[[ Data for analysis, beginning ]]

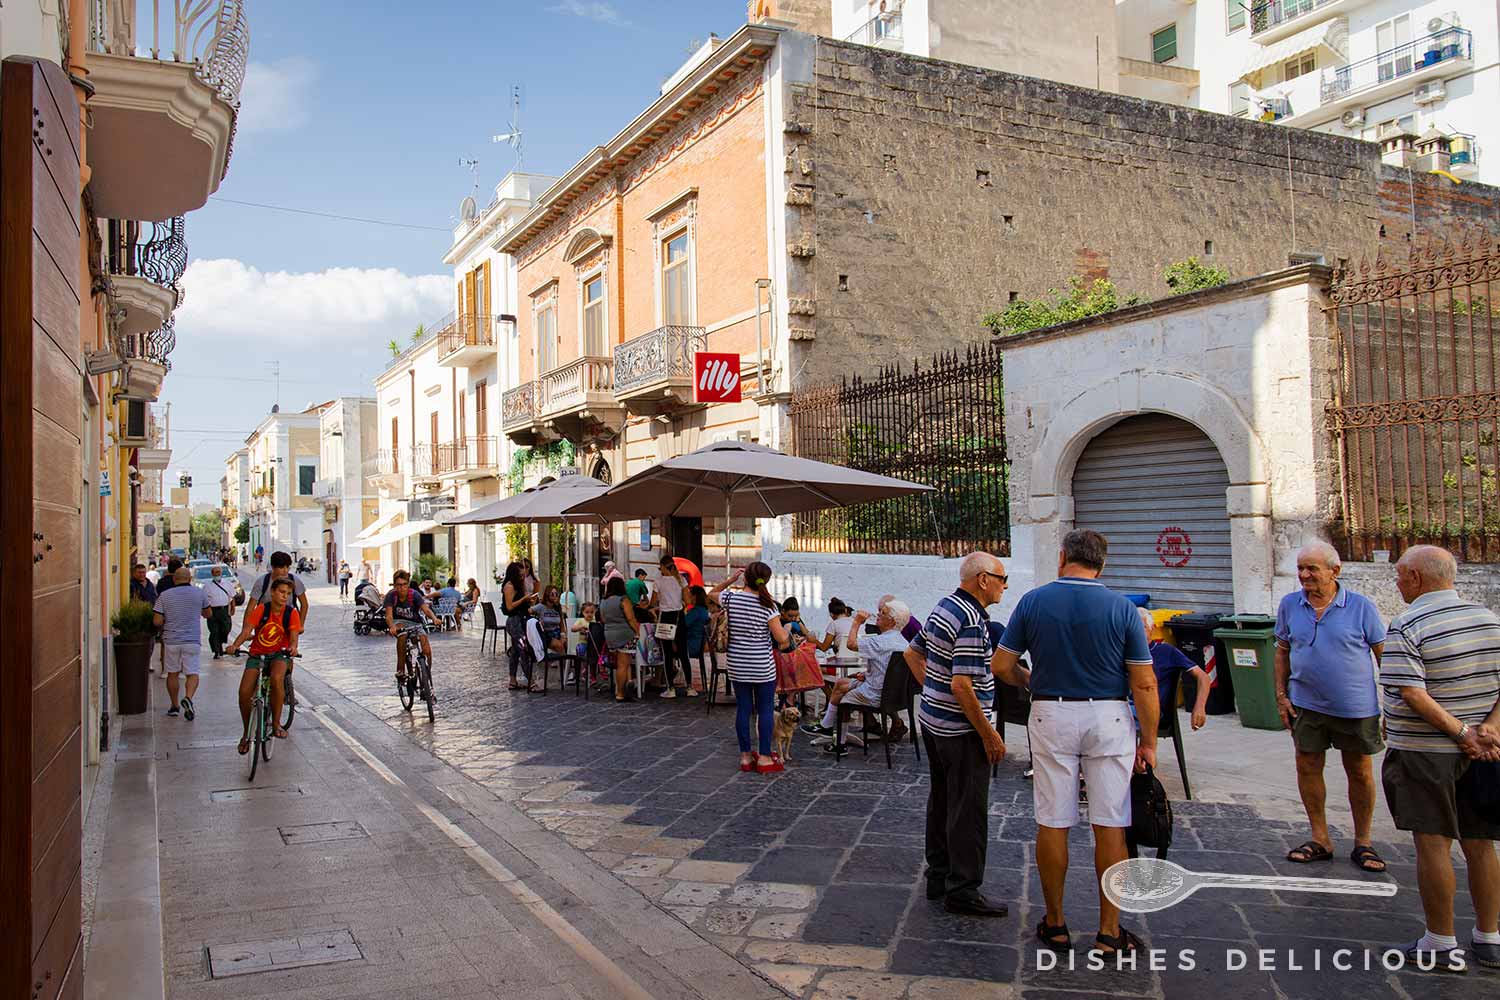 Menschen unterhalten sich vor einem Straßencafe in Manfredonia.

[[ Data for analysis, end ]]
[[ Data for analysis, beginning ]]

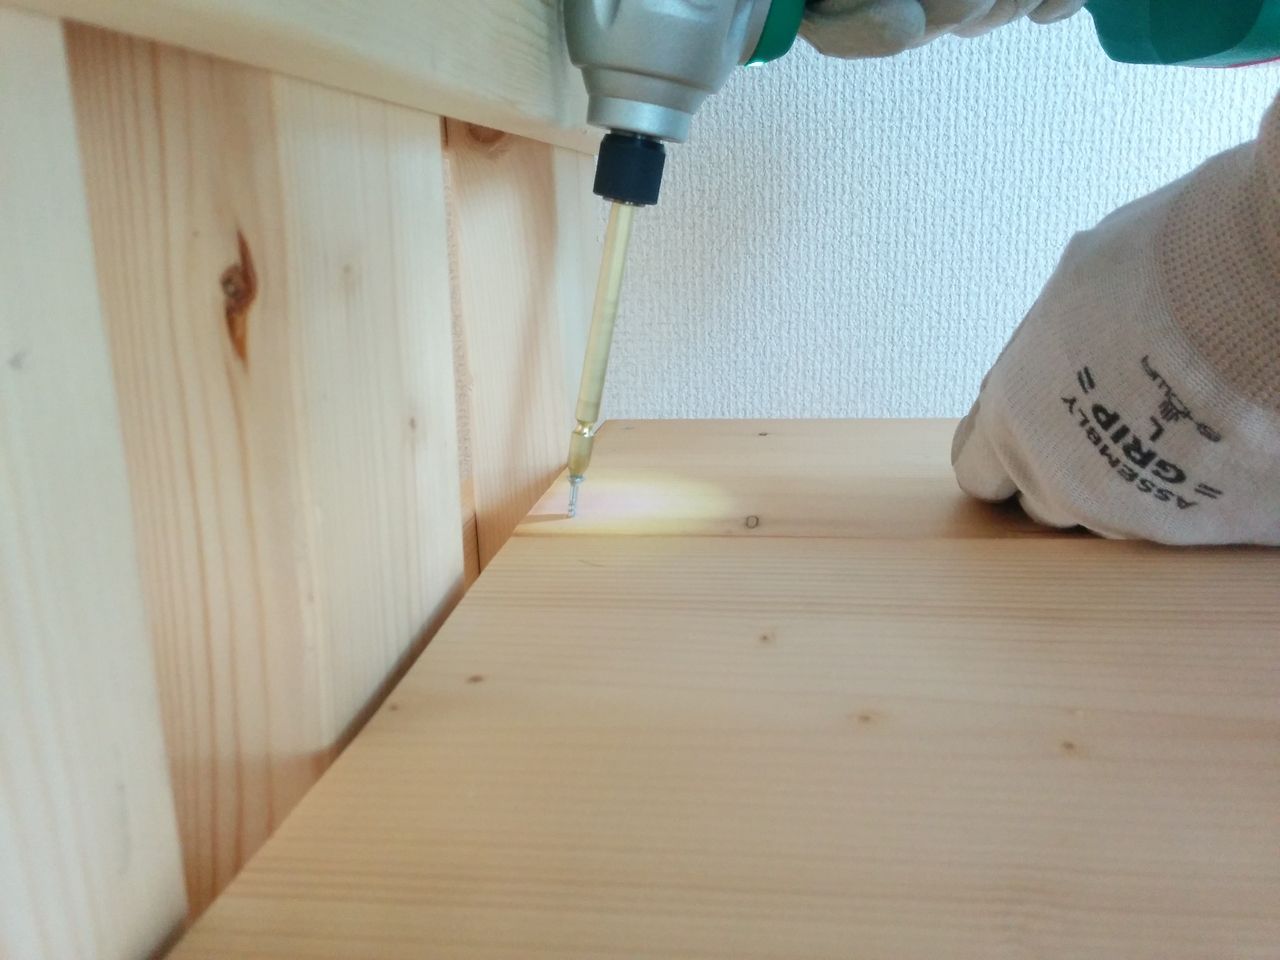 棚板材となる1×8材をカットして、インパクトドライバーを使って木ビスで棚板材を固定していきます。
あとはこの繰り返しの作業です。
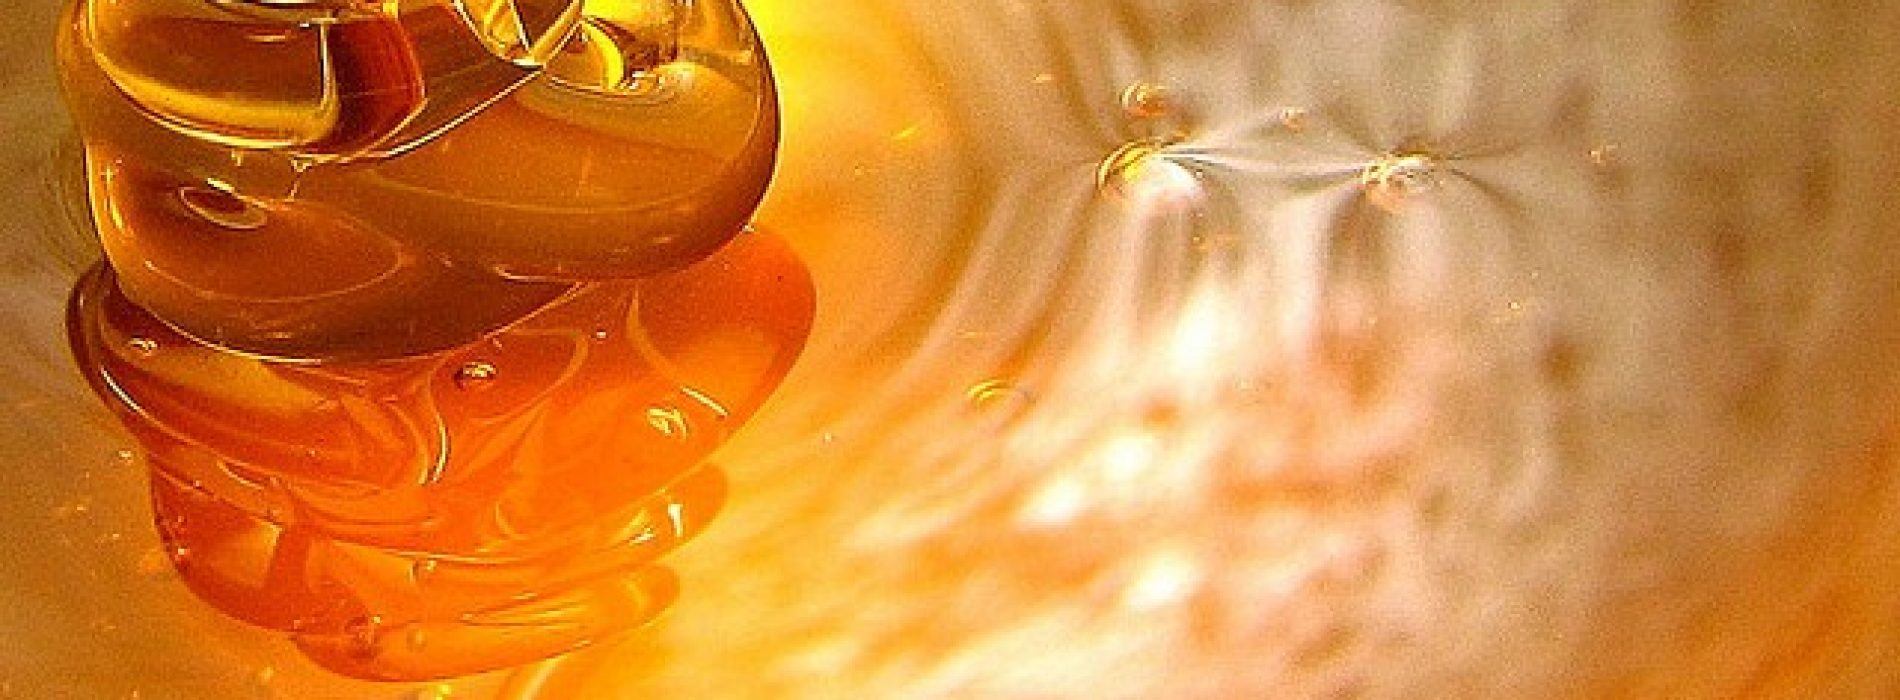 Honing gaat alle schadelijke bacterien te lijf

[[ Data for analysis, end ]]
[[ Data for analysis, beginning ]]

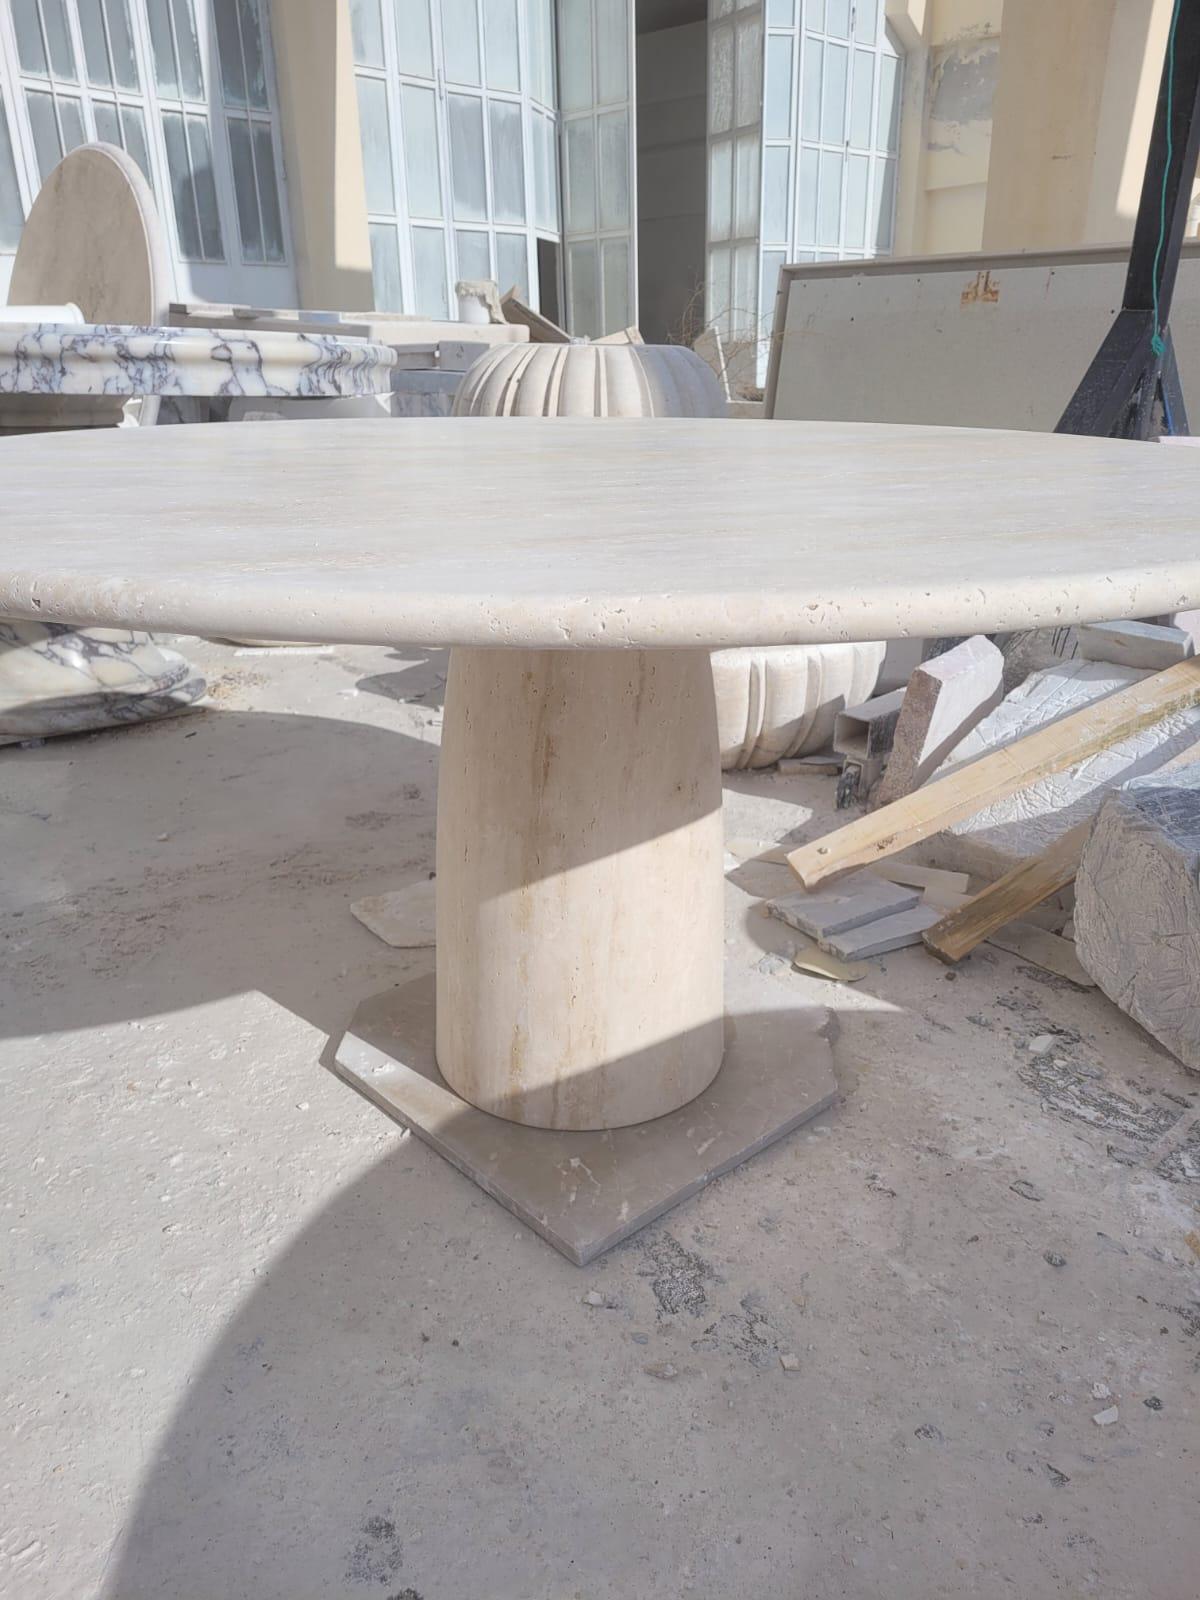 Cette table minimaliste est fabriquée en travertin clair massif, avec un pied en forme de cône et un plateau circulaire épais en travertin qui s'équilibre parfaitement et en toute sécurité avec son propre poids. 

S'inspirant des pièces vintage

[[ Data for analysis, end ]]

# Task goal:
Among the entries above, find the line with "あとはこの繰り返しの作業です。" and repeat exactly from there through the line with "Honing gaat alle", leaving out the pictures.

# Result for this exercise:
あとはこの繰り返しの作業です。
 Honing gaat alle schadelijke bacterien te lijf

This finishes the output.